# Exercise material
*** Block opens ***

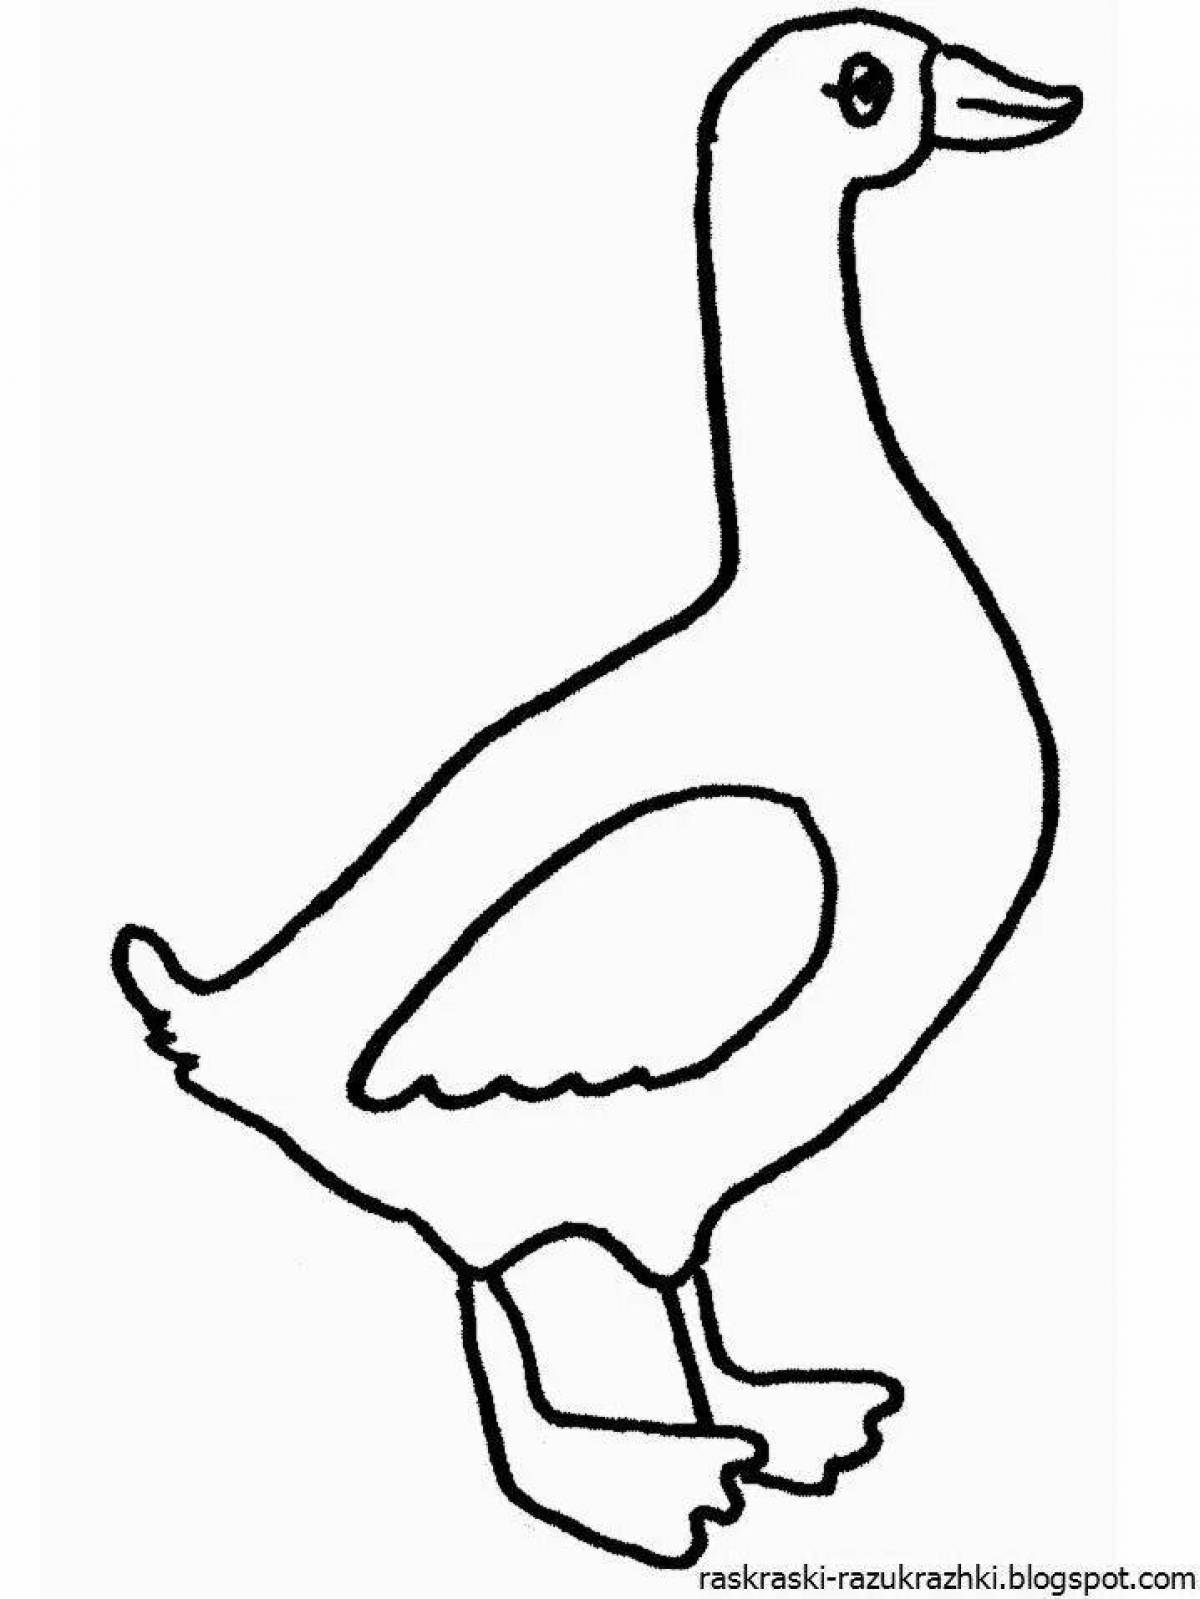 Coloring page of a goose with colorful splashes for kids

*** Block closes ***
*** Block opens ***

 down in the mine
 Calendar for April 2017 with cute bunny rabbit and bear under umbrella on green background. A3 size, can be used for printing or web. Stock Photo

*** Block closes ***

# Try it
Please reproduce, exactly as they appear above, the lines from the line containing "down in the mine" up to and including the line containing "Calendar for April".

# Written reply
 down in the mine
 Calendar for April 2017 with cute bunny rabbit and bear under umbrella on green background. A3 size, can be used for printing or web. Stock Photo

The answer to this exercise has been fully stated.